Provided material:
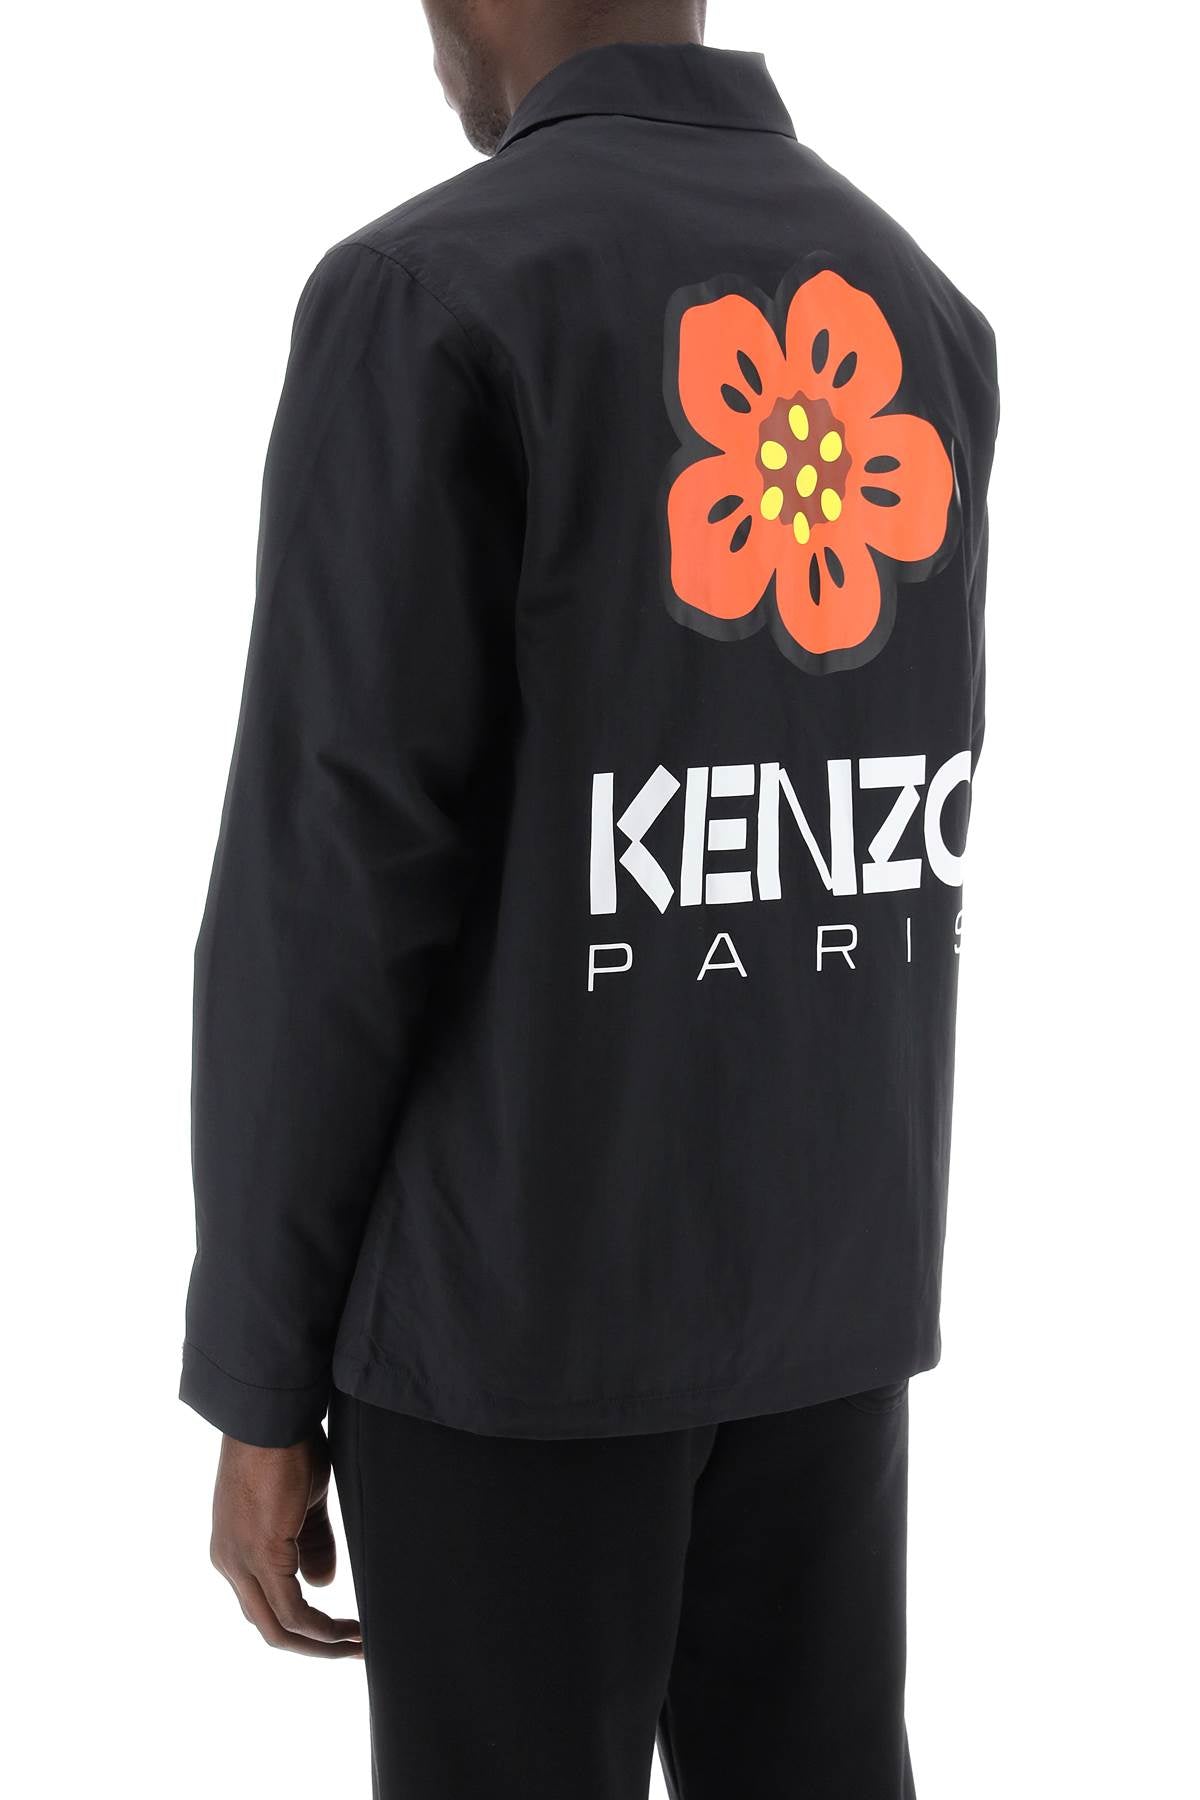 Kenzo-2
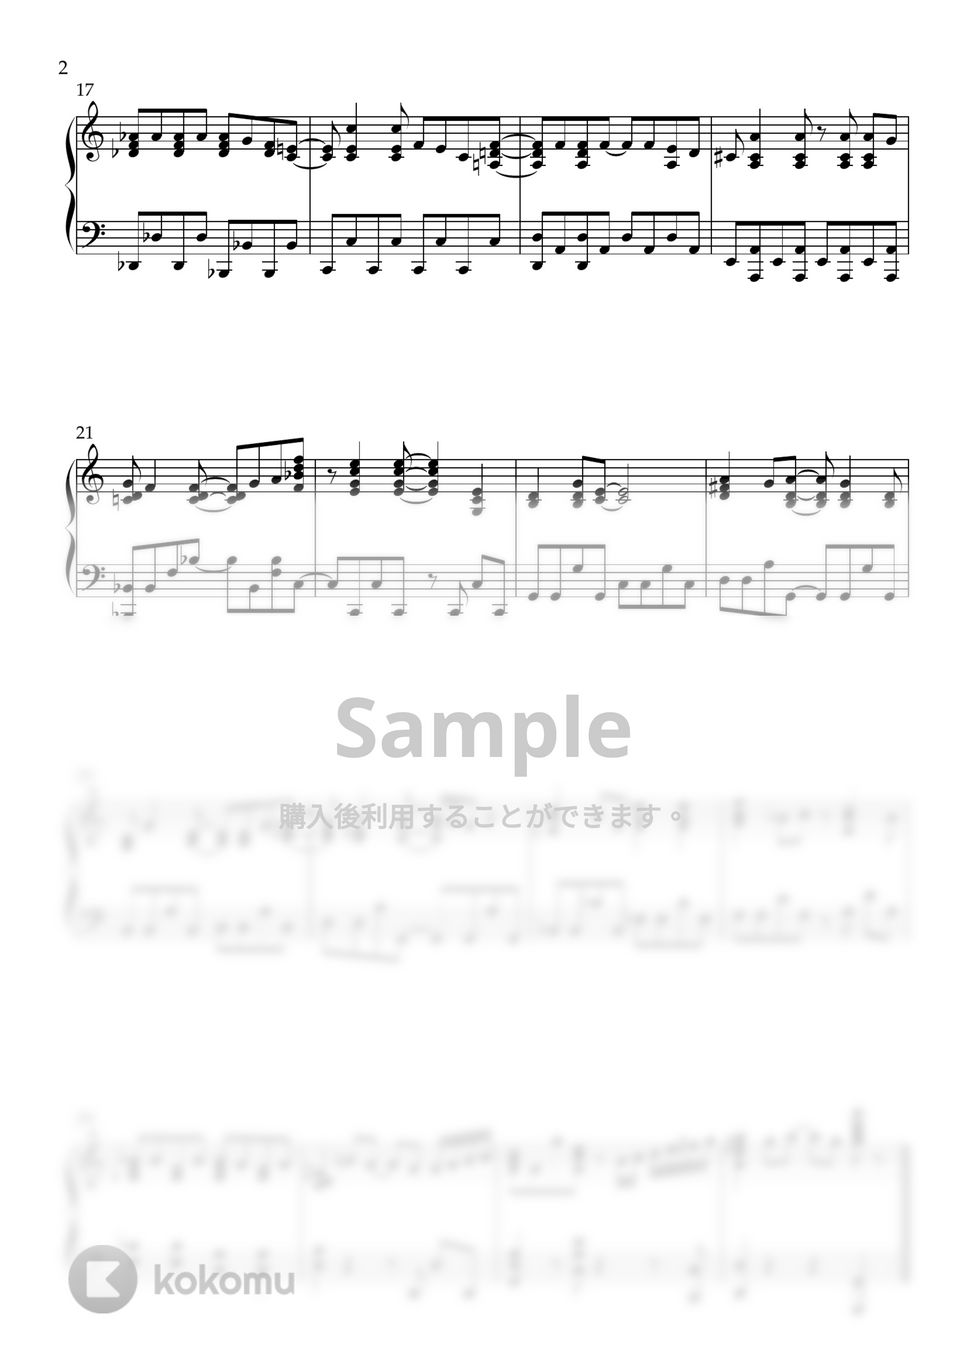 バンピリーナとバンパイアかぞく - Vampirina Theme (PIANO SOLO) by CLOUD LADDER 구름사다리뮤직
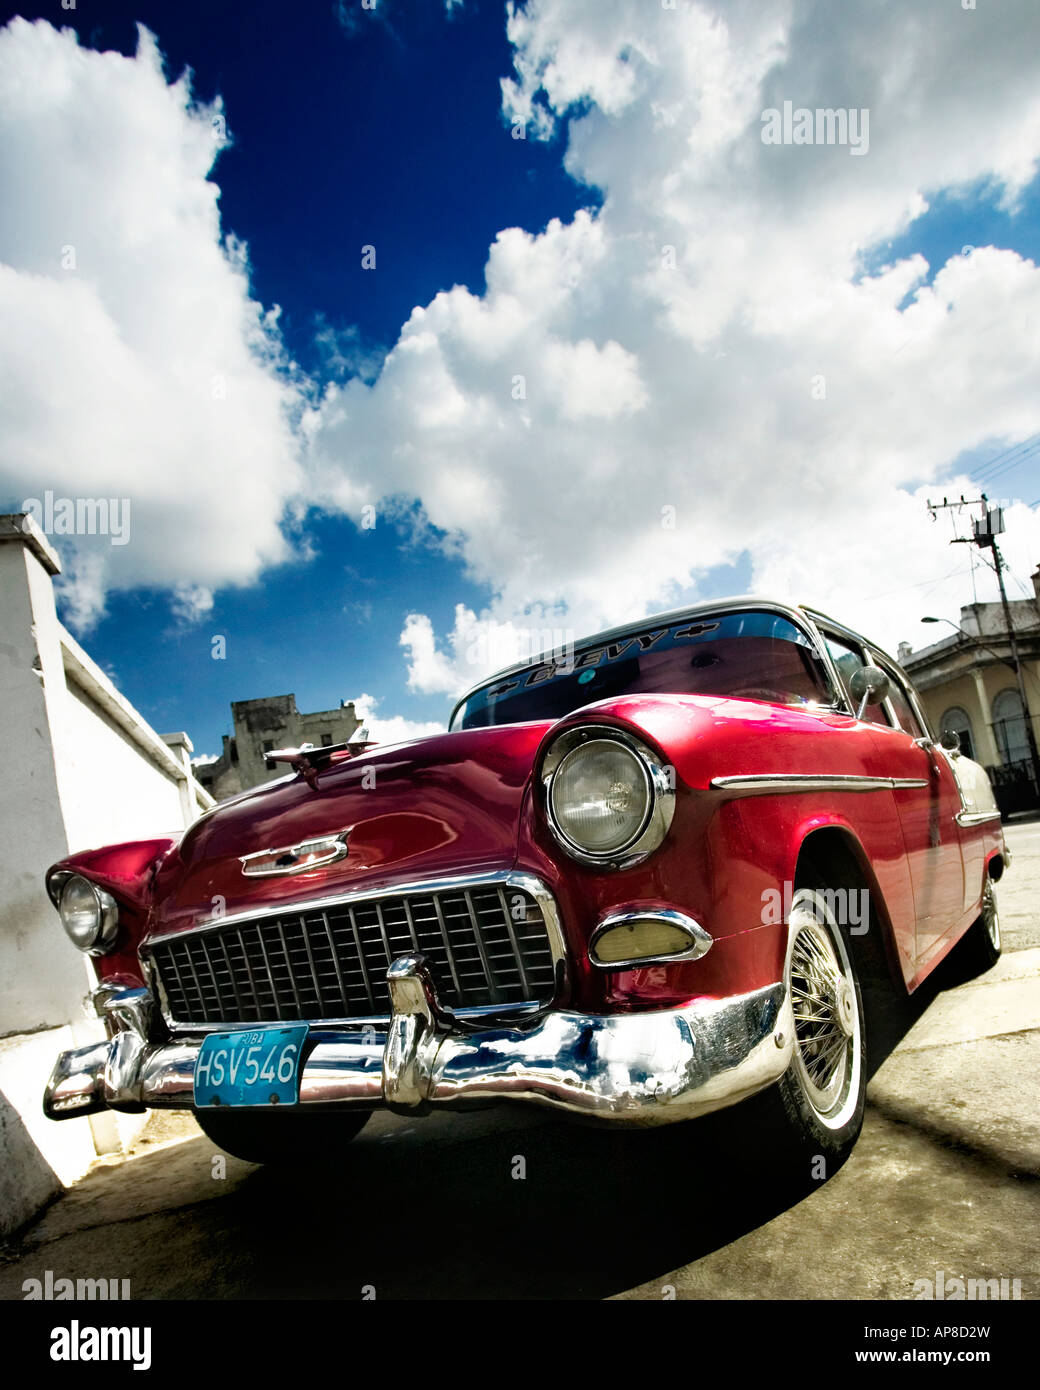 Alte amerikanische Chevy (Chevrolet) sitzt in einer Garage in Havanna (Kuba) geparkt. Amerikanische Oldtimer sind in Kuba gesehen. Stockfoto
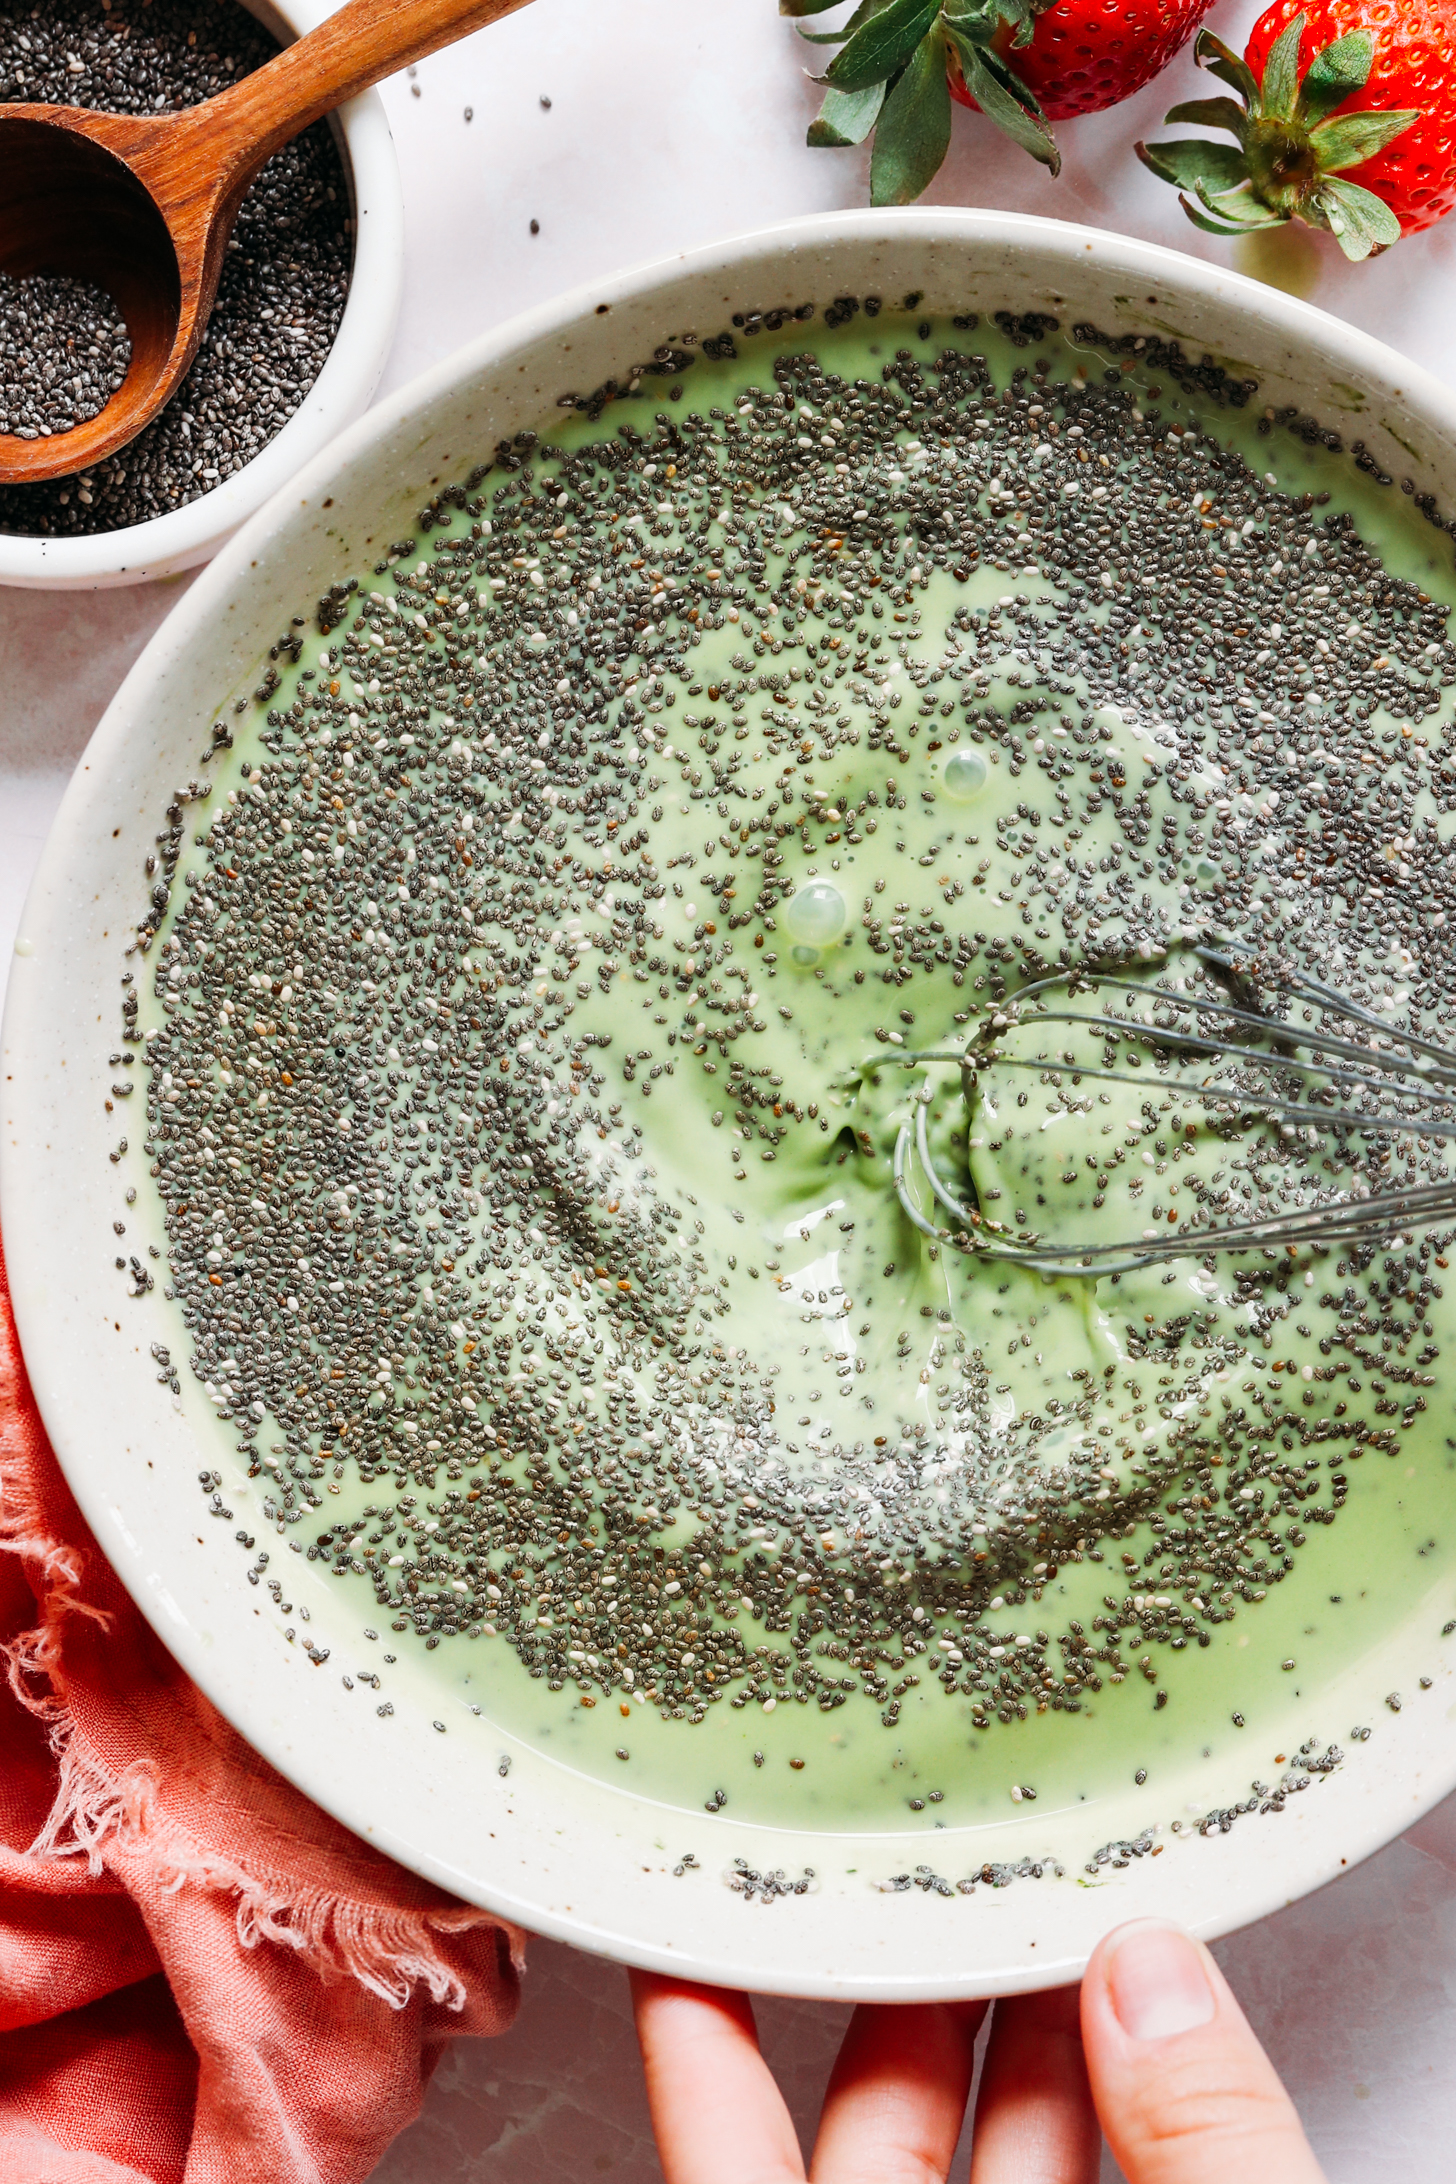 Batir las semillas de chía en una mezcla de matcha verde vibrante

Exercise requirements: Keep the pictures out while you retype all of the data above exactly as it appears.

Answer space:
 Kenzo-2
 バンピリーナとバンパイアかぞく - Vampirina Theme (PIANO SOLO) by CLOUD LADDER 구름사다리뮤직
 Alte amerikanische Chevy (Chevrolet) sitzt in einer Garage in Havanna (Kuba) geparkt. Amerikanische Oldtimer sind in Kuba gesehen. Stockfoto
 Batir las semillas de chía en una mezcla de matcha verde vibrante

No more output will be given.